COSMOS magazine


Share |


News

Biotech researcher takes PM's science prize

Wednesday, 17 November 2010
Cosmos Online

Single page print view

John Shine

John Shine, director of the Garvan Institute of Medical Research in Sydney has won the Prime Minister's Prize for Science.

Credit: Bearcage productions

SYDNEY: For discovering the five letters that would jump-start the biotech revolution, the director of the Garvan Institute of Medical Research in Sydney has won the Prime Minister's Prize for Science.

Three of Australia's top scientists and two teachers are to receive awards this evening at a black tie event at Parliament House in Canberra.

The recipients will medals, pins and cash prizes as large as $300,000 for promoting and furthering Australian science both on the world stage and at home. Every year the recipients are chosen from among hundreds of nominations by a select group of referees and judges following strict criteria.

Five letters to fame

John Shine, director of the Garvan Institute of Medical Research in Sydney, Australia, took out the top award, the Prime Minister's Prize for Science, highlighting an illustrious career in biotechnology and medical research.
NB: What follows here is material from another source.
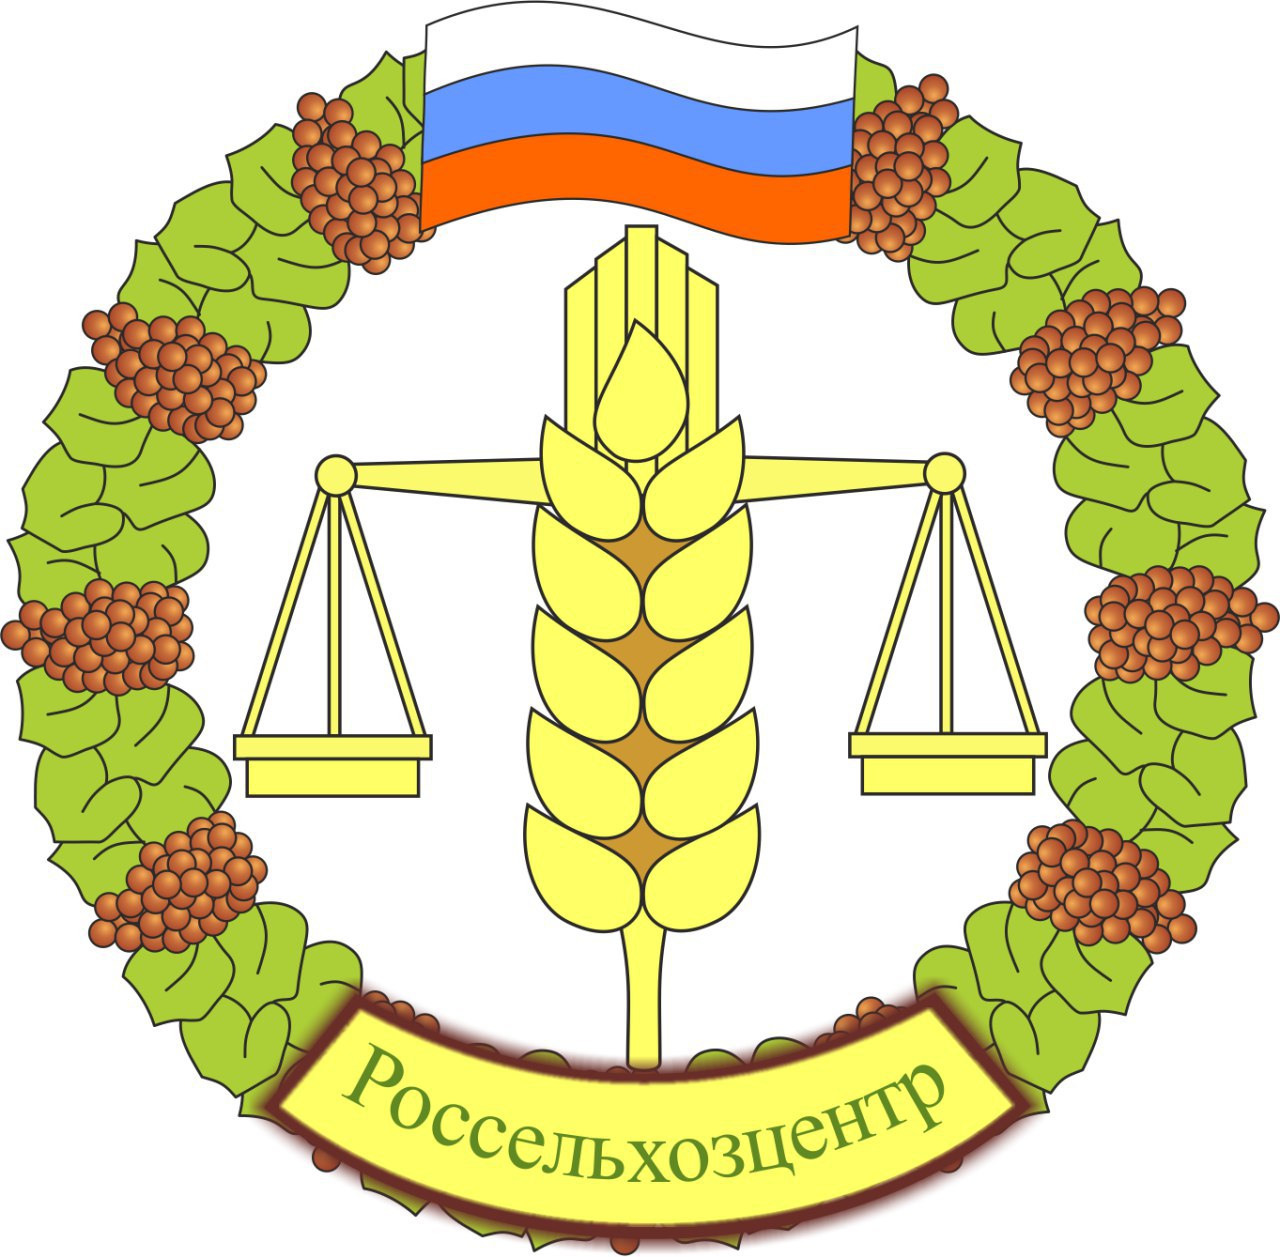 Обеспеченность российских аграриев кондиционными семенами под озимый сев выше прошлогодней

Discovering the Shine-Dalgarno sequence in DNA - the five letters GGAGG, which he discovered during his doctorate - was only the beginning of the discoveries that have filled Shine's career. After discovering the sequence, which controls the production of proteins from DNA, he became the first person to clone a human hormone gene, cloning the human insulin gene and inserting it into a bacterial cell. This was an important step in jump-starting the biotechnology revolution and growing the Garvan Institute into a world leader in medical research.

"In the future any new drugs will be based on biotechnology approaches [with] biopharmaceuticals produced from small bacterial factories," said Shine.

The 'Mother fish'

The Malcolm McIntosh Prize for Physical Scientist of the Year has been awarded to palaeontologist and geologist Katherine Trinajstic of Curtin University in Perth, Western Australia. The award celebrates the work of a scientist in at the beginning of his or her career, within 10 years of completing their doctorate, for work in the field of physical science.
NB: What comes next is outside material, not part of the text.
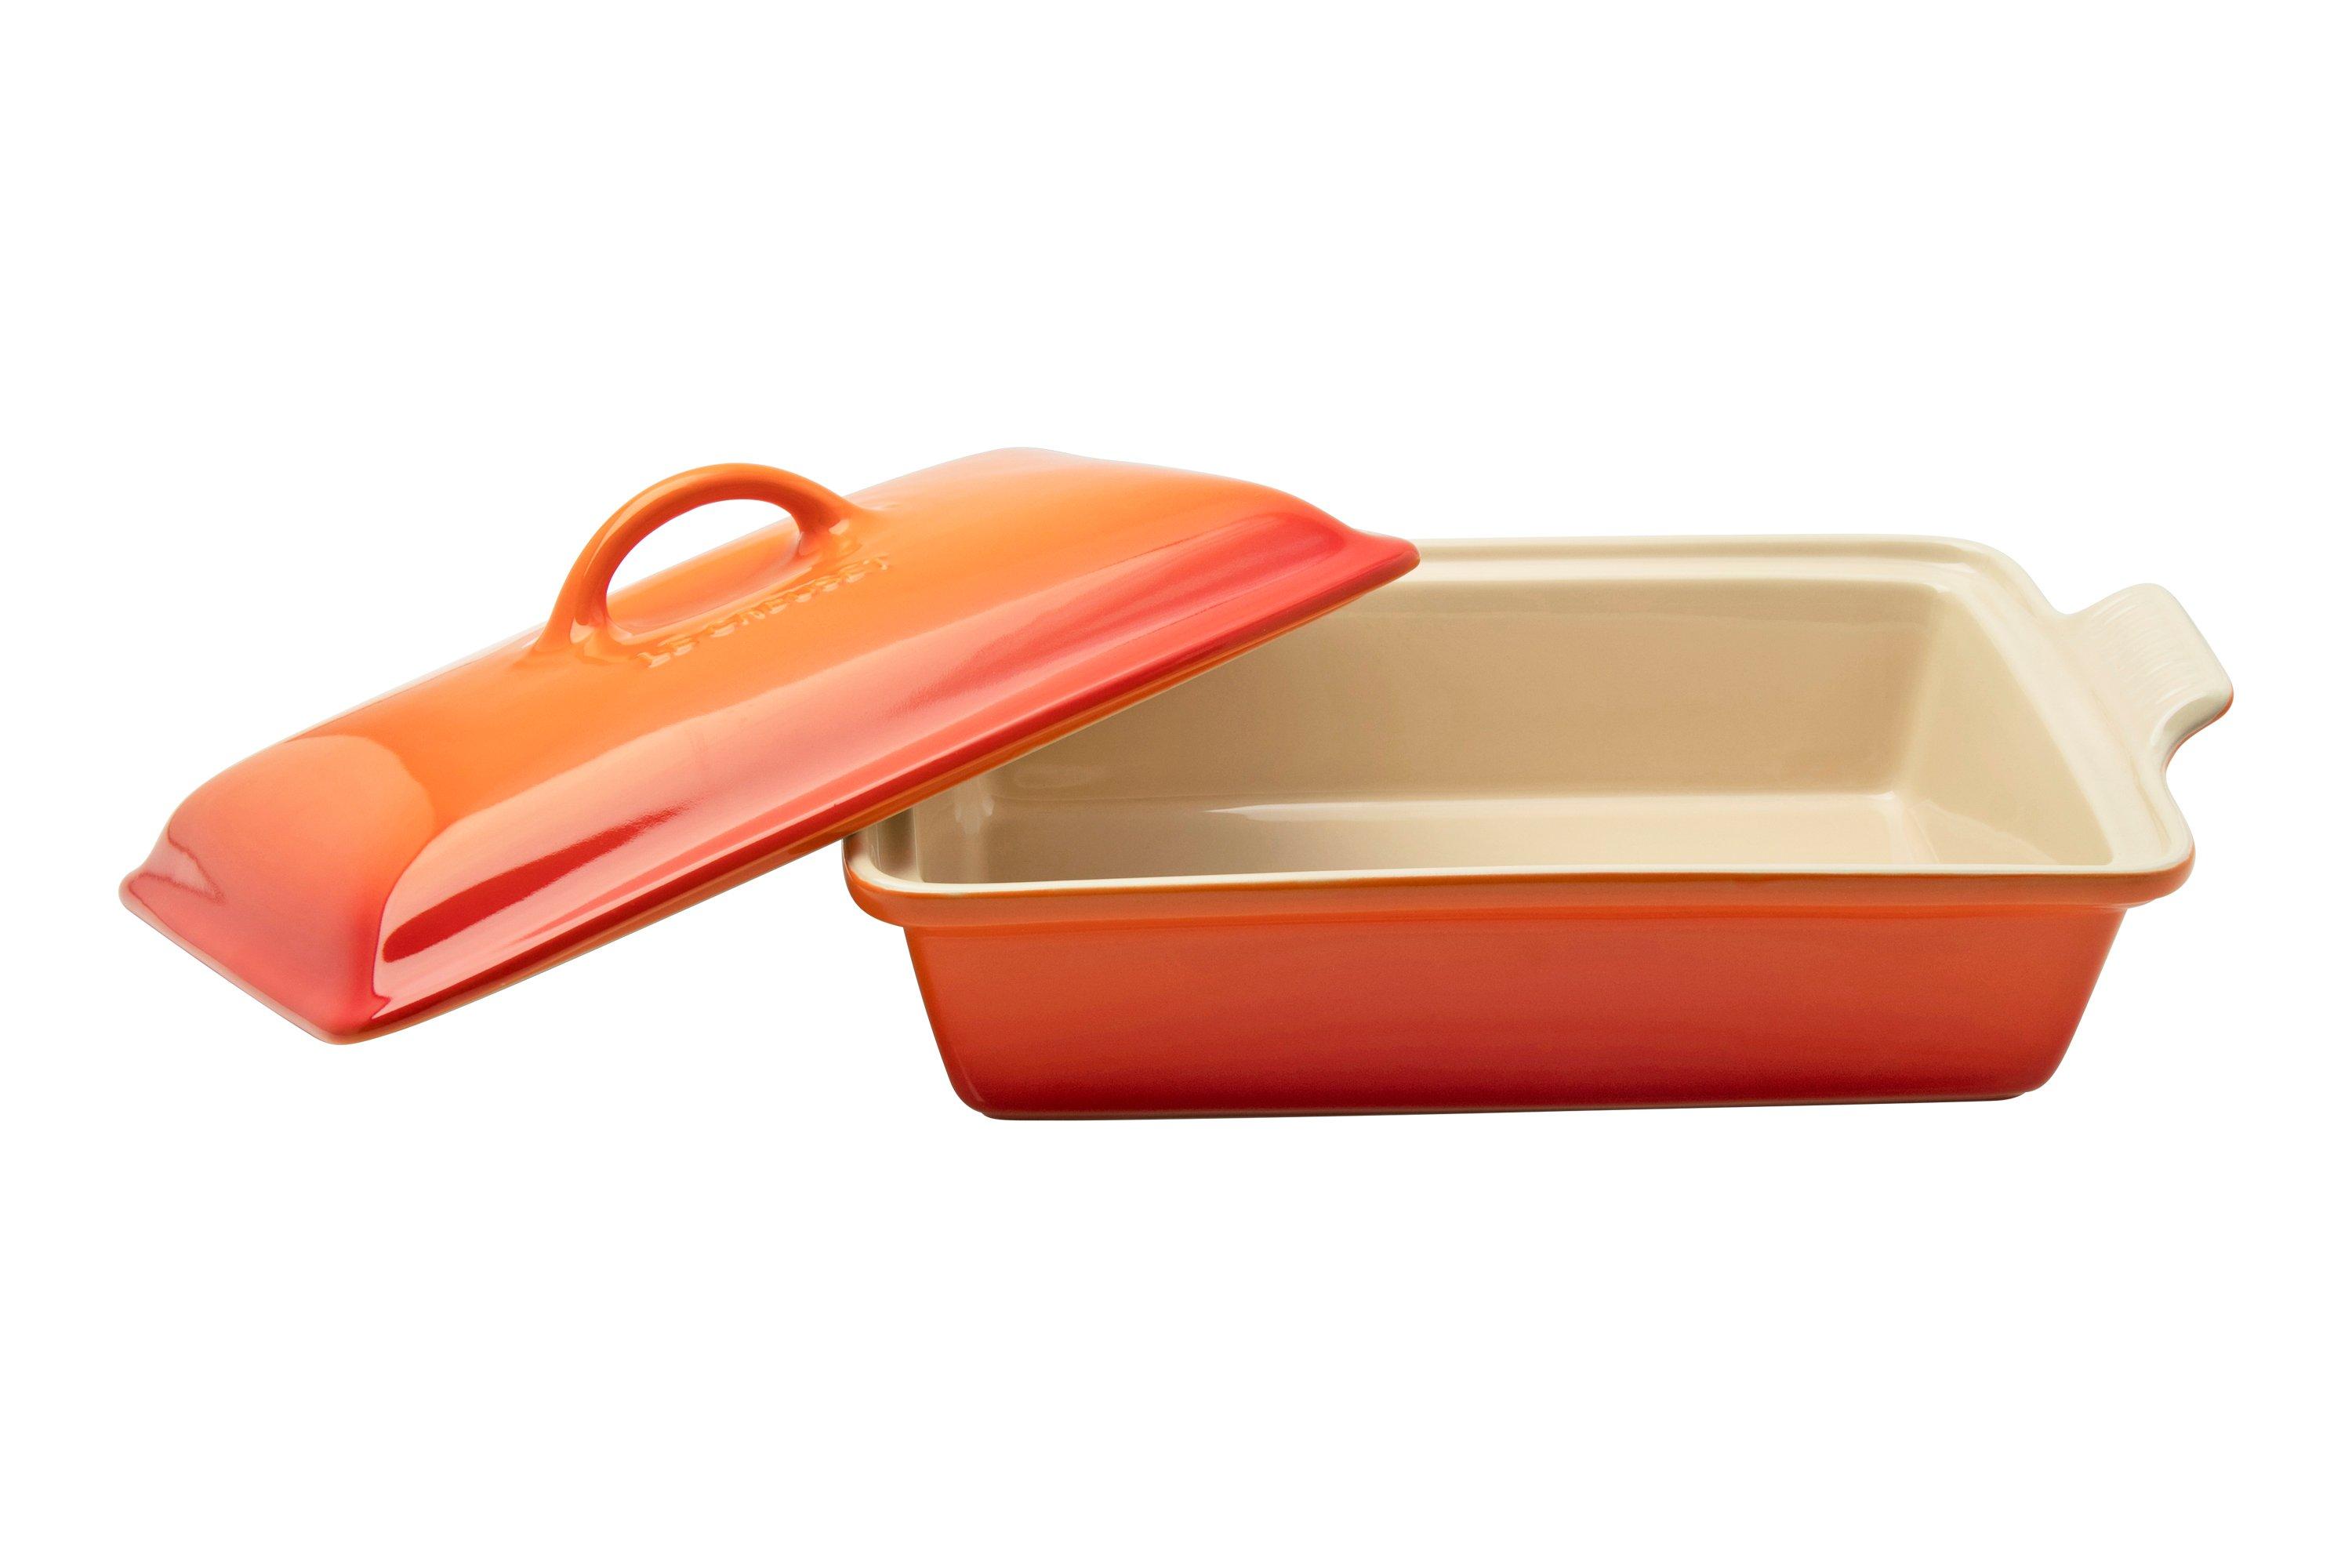 Le Creuset ovenschaal rechthoekig met deksel, 33 cm, oranje rood | kopen bij knivesandtools.be

Finding the 'Mother fish' in the Gogo reef site in the Kimberly Ranges has been the highlight of her young career. The fossil fish is 380 million years old, with an umbilical cord and embryonic baby - the discovery pushed back the evolution of live bearing animals by 200 million years.

Now she's helping Chevron energy to develop methods for evaluating fossil fuel deposits and searching for more biomolecules - ancient samples of muscle and soft tissue - in her Gogo reef fossils.